[学科发展]机构学中机构重构的理论难点与研究进展——变胞机构演变内涵、分岔机理、设计综合及其应用

摘要/Abstract

摘要： 生产力发展与工程技术革新要求机构具备可自重组与可重构及“一机多用”的功能，以满足复杂工况需求。可重构机构具有可变活动度和可变构态，可以满足多任务、多工况与多功能的要求，然而，决定其设计方法的演变内涵与分岔机理的研究目前仍不为学者们充分了解。从变胞机构的演变与分岔机理的角度，以旋量理论、李群与李代数及微分流形为主要工具，揭示了机构演变内涵及运动与约束空间的内在关联关系；探究了机构演变中的分岔机理与可控奇异位形，回顾了变胞机构与折纸及折展机构的历史渊源，综述了变胞机构的构型设计、性能综合与新型设计理念及其创新应用。

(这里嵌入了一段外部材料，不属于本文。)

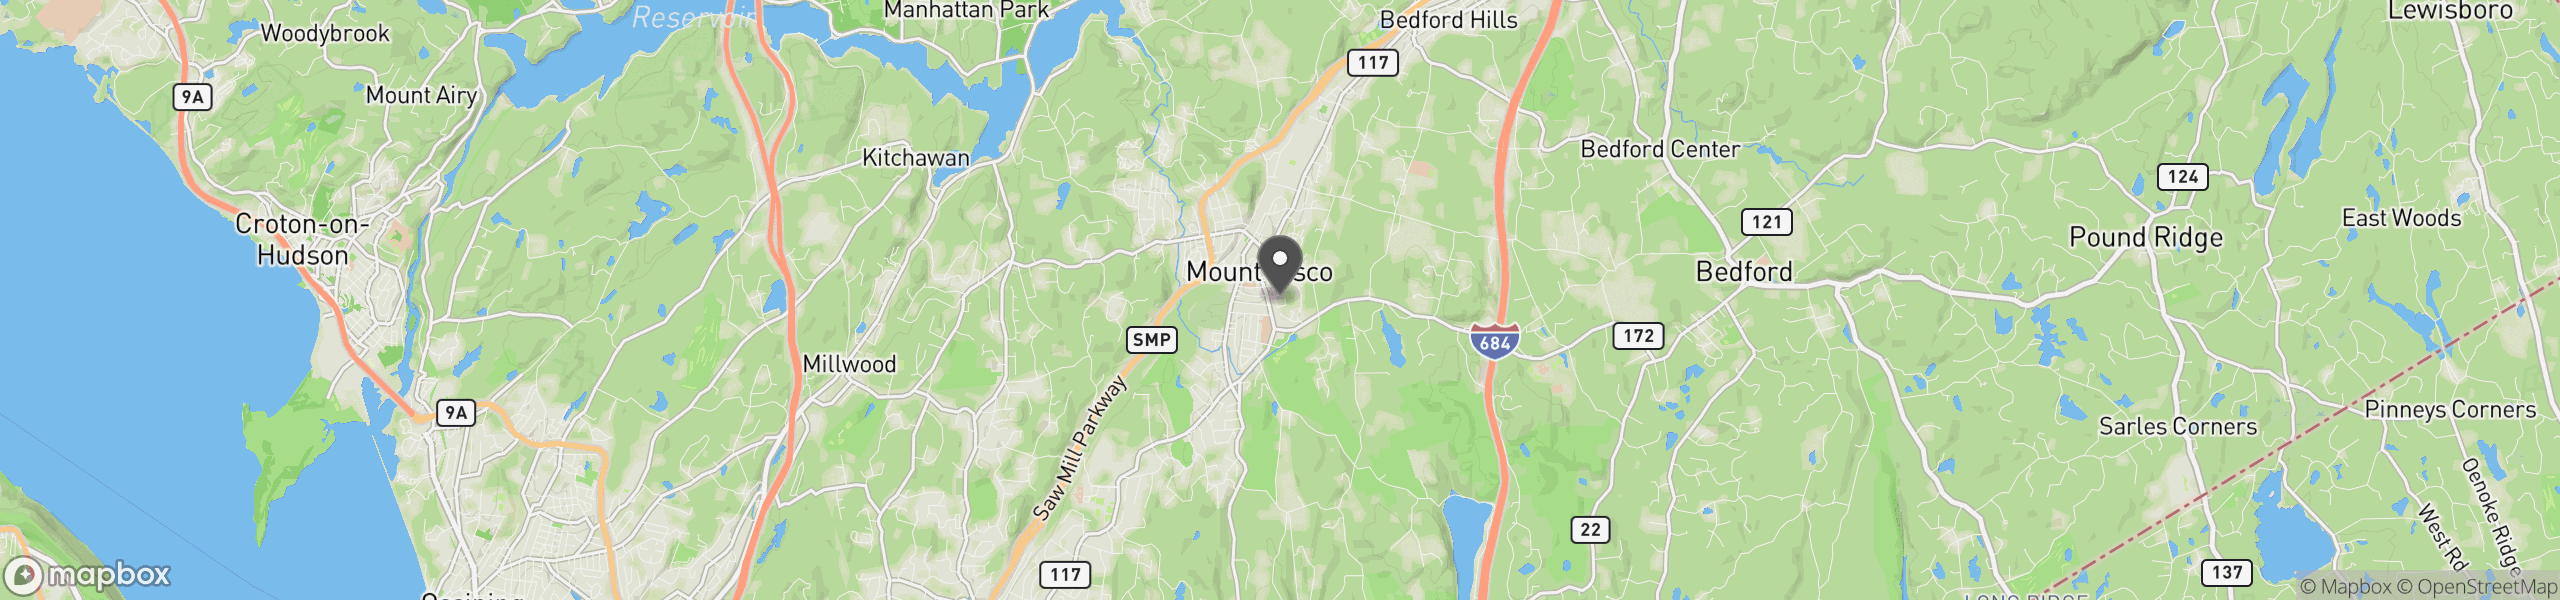 Mount Kisco, NY 10549

关键词: 变胞机构, 演变内涵, 分岔机理, 设计综合, 折纸机构

Abstract: The development of productivity and the innovation of engineering technology required mechanisms to have the multi-function of self-reorganization and reconfiguration to meet the needs of complex working conditions. Reconfigurable mechanisms had variable mobility and varying configurations to meet the requirements of multiple tasks, multiple working conditions and multiple functions. However, the research history of mechanism evolution and furcation principle, which determined the design method, was still not fully understood by scholars. Herein, from the point of view of the evolution and furcation principle of metamorphic mechanisms, based on screw theory, Lie group, Lie algebra and differential manifold, the mechanism evolution and the interrelationship between the mechanism motions and the constraint spaces were revealed. Then, the furcation principle and the controllable singularity configuration in the evolution of the mechanism were explored. Moreover, the historical relationship between metamorphic mechanisms, origami mechanisms and deployable mechanisms was discussed, and the configuration design, performance synthesis, new design concept of metamorphic mechanisms and their innovative application were reviewed.

Key words: , metamorphic mechanism； evolution connotation； furcation principle； design synthesis； origami mechanism

中图分类号:

TH112

康熙, 戴建生, . [学科发展]机构学中机构重构的理论难点与研究进展——变胞机构演变内涵、分岔机理、设计综合及其应用[J]. 中国机械工程.

KANG Xi, DAI Jiansheng, . Theoretical Difficulties and Research Progresses of Mechanism Reconfiguration in Mechanisms—Evolution Connotation, Furcation Principle, Design Synthesis and Application of Metamorphic Mechanisms[J]. China Mechanical Engineering.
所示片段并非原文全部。